In the listing that follows, find the line with "Used 2012 Audi A8 l W12 Quattro Used", then copy exactly from it through the line with "consiliul raional cahul", leaving out every picture.

EXERCISE INPUT
....
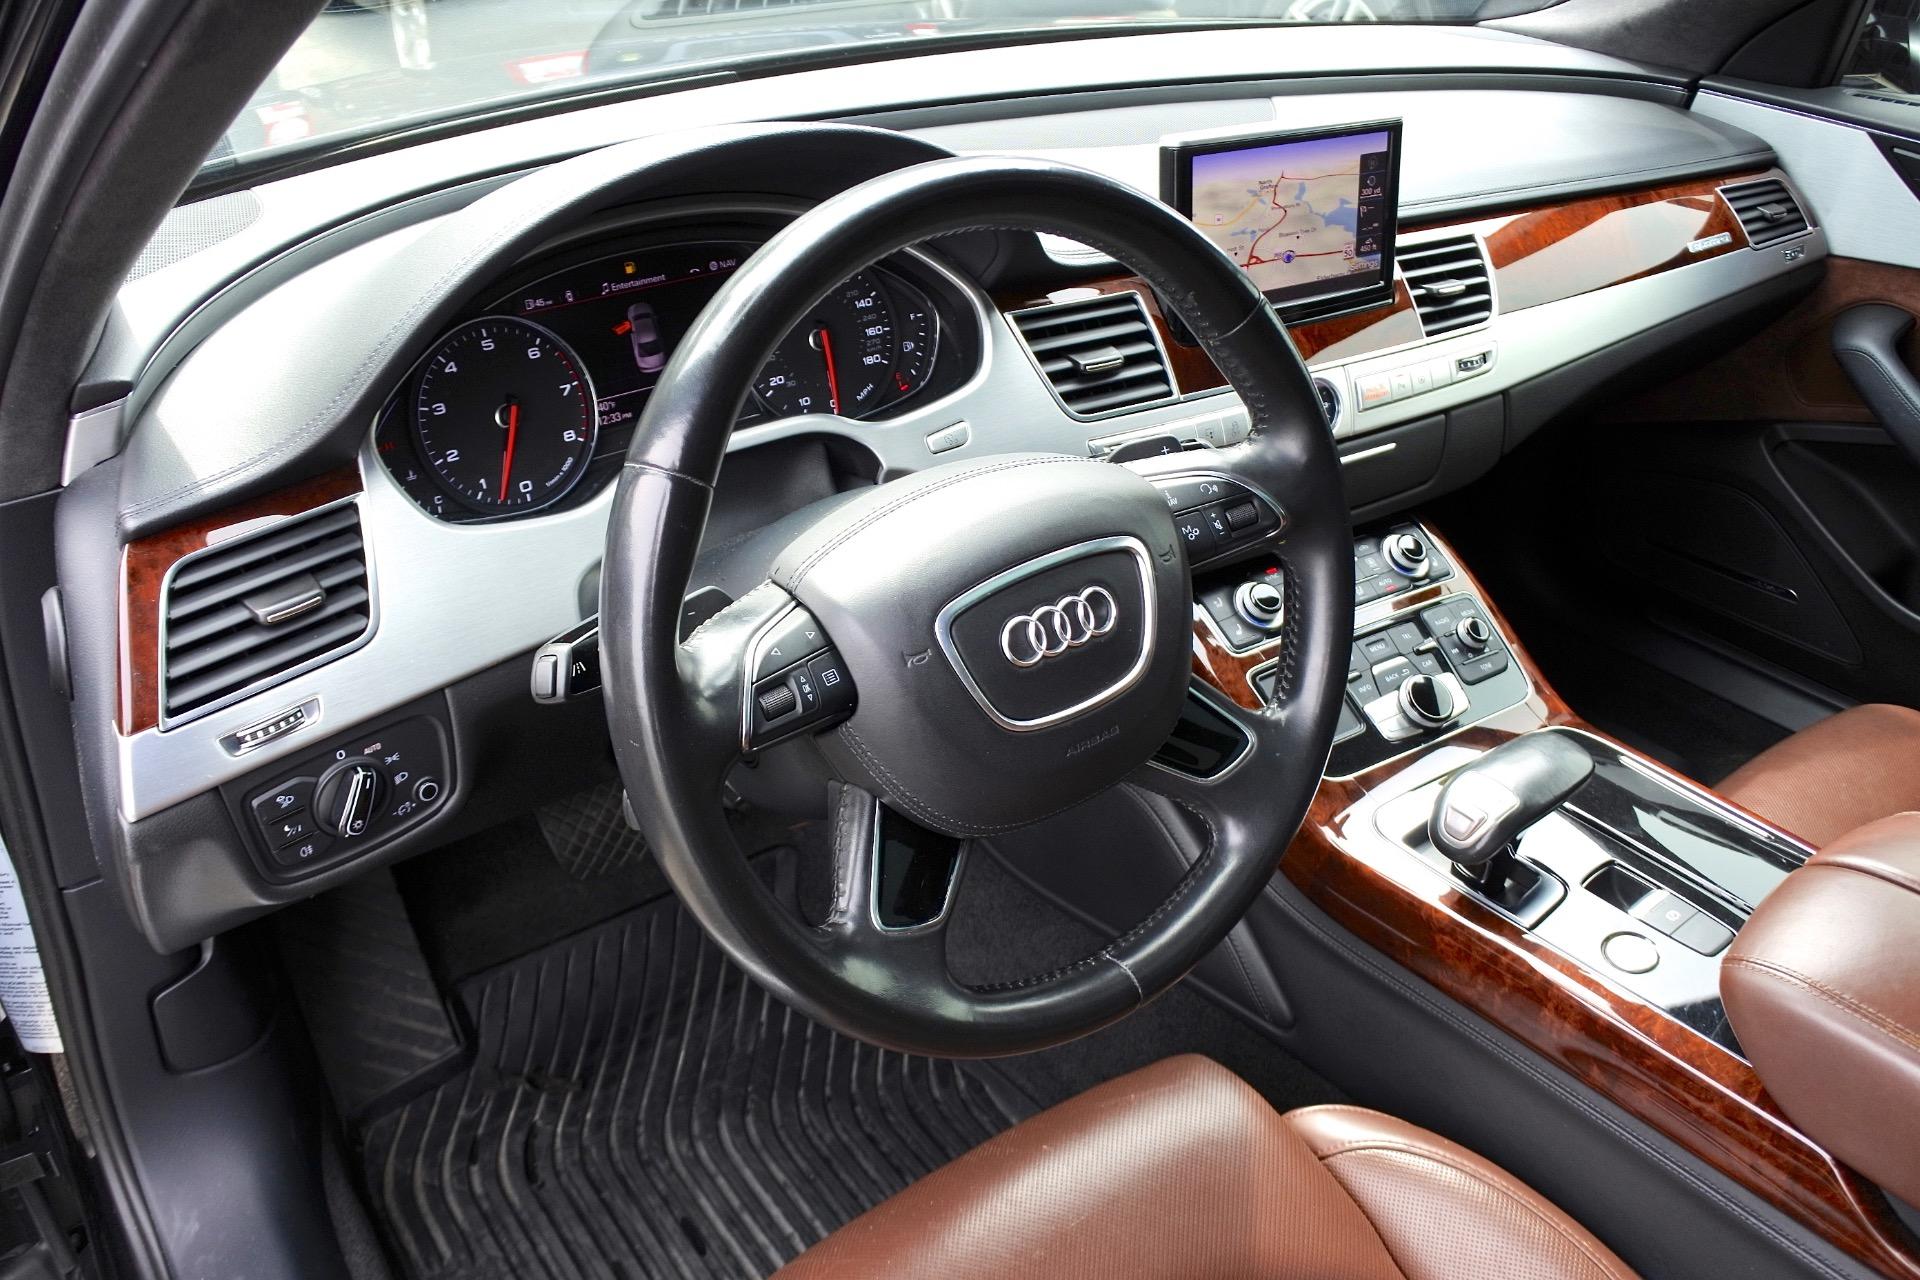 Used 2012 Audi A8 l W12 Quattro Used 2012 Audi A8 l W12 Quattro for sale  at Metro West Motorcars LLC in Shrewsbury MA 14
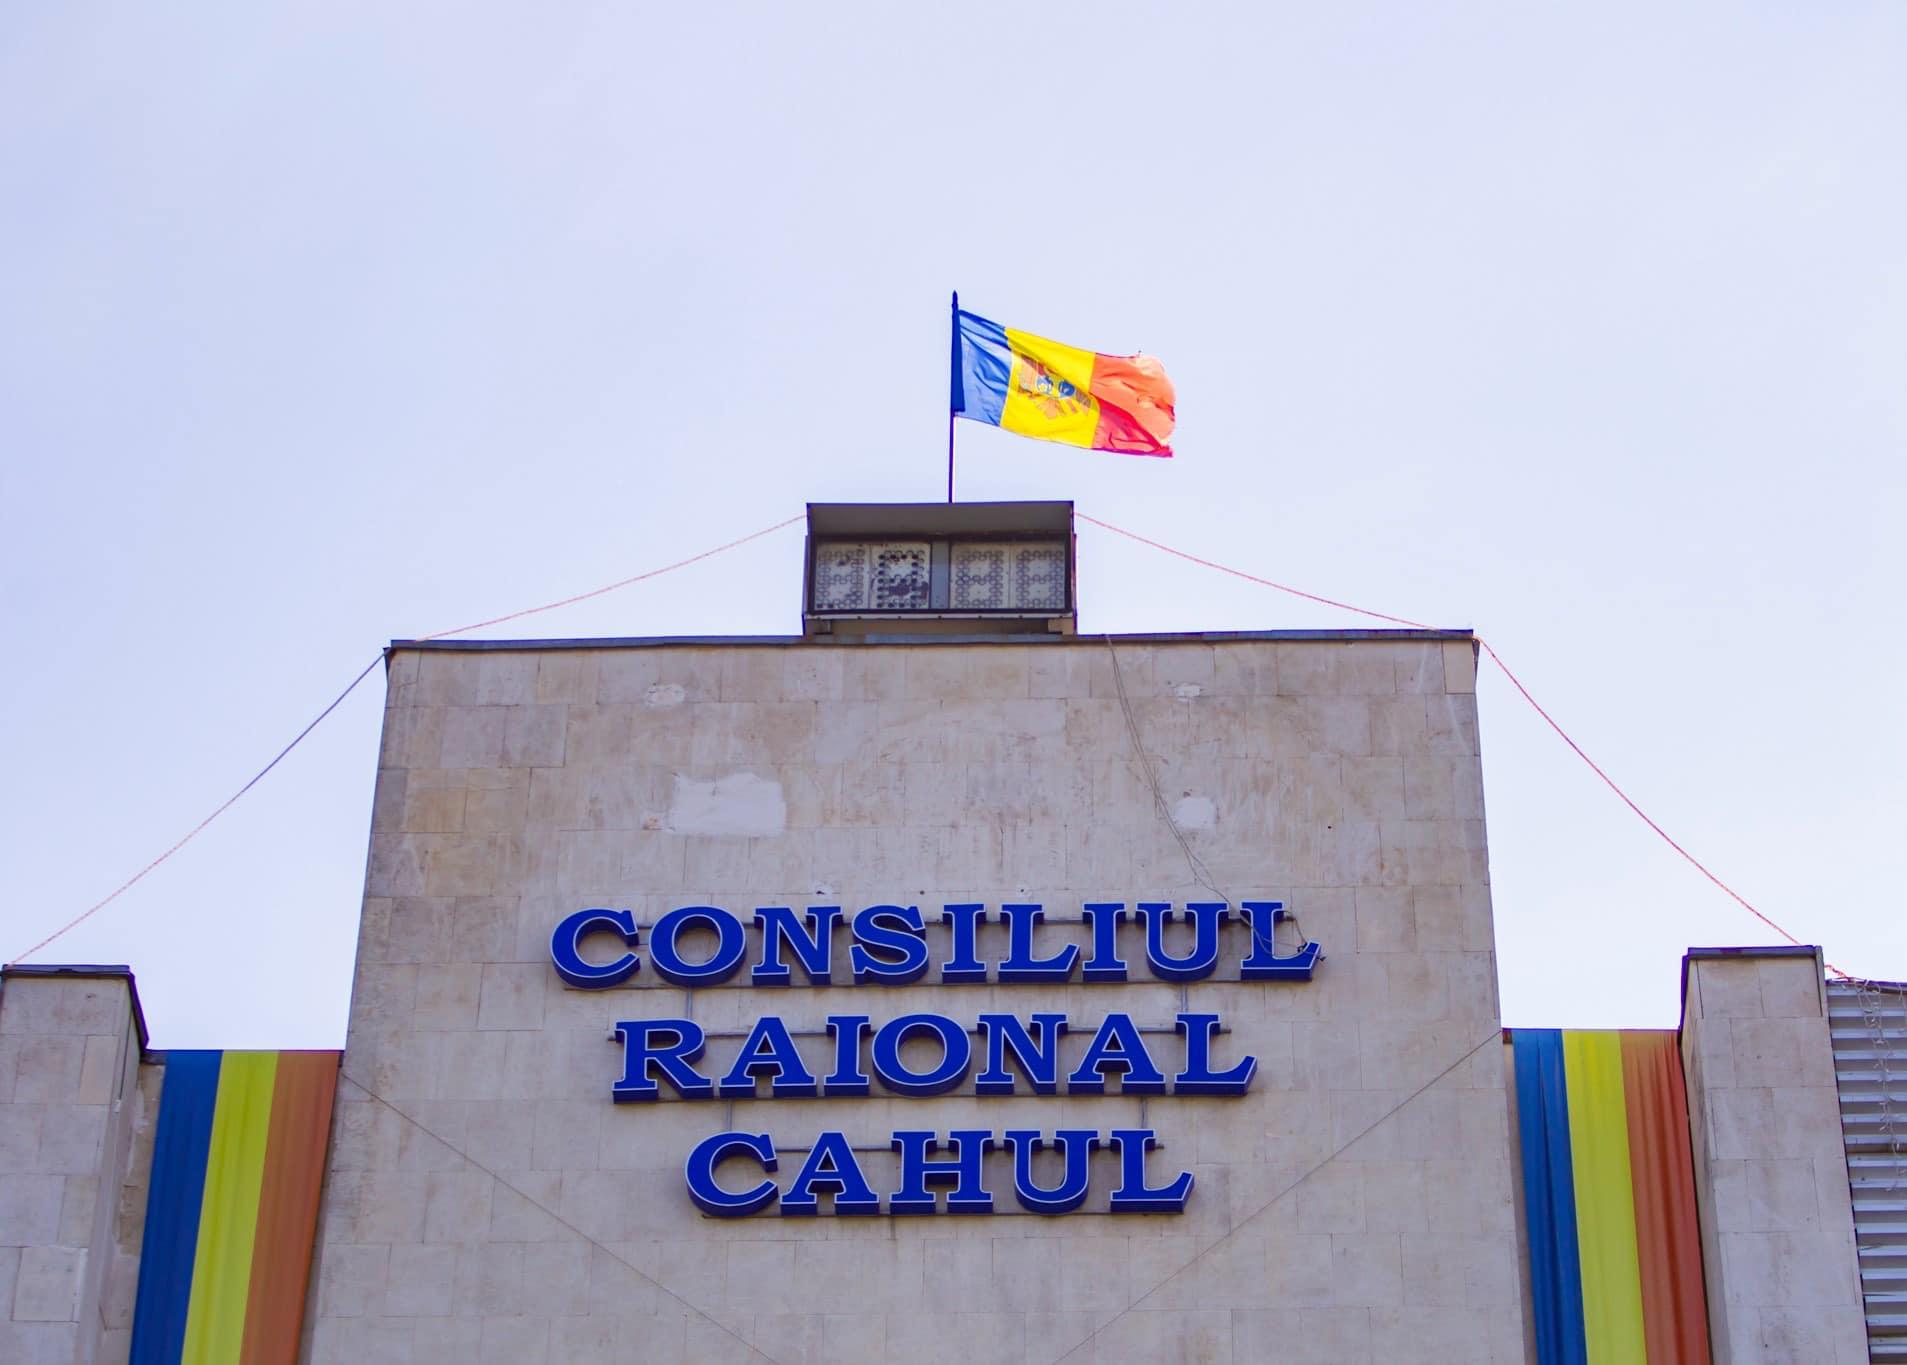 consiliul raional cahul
....
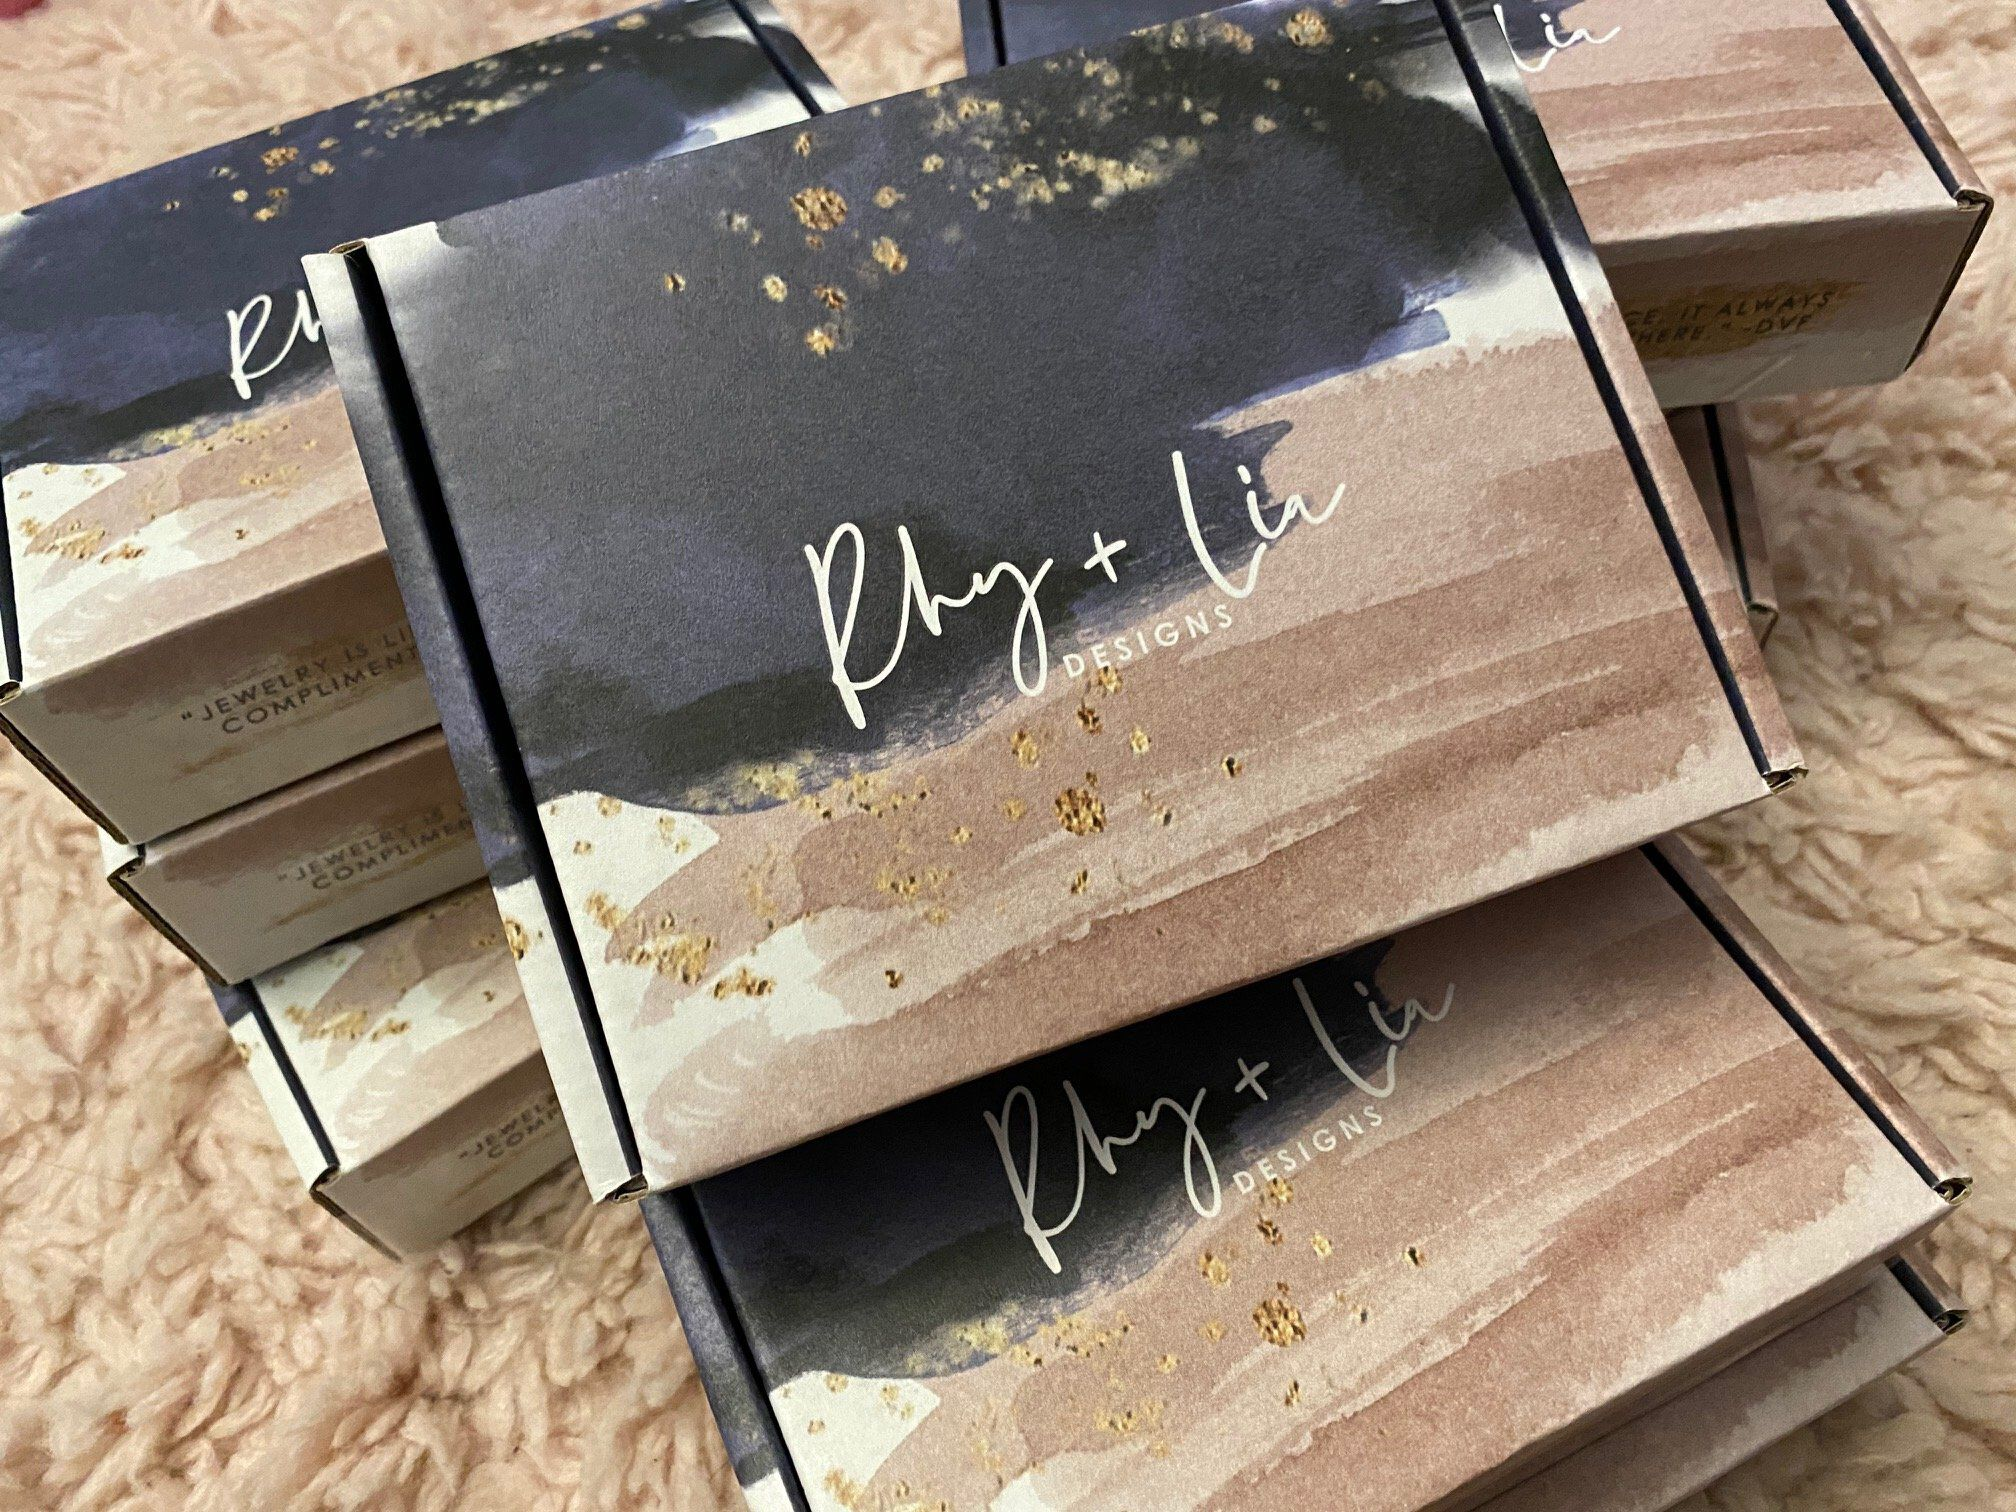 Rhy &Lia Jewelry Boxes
....
ANSWER TO THE EXERCISE
 Used 2012 Audi A8 l W12 Quattro Used 2012 Audi A8 l W12 Quattro for sale  at Metro West Motorcars LLC in Shrewsbury MA 14
 consiliul raional cahul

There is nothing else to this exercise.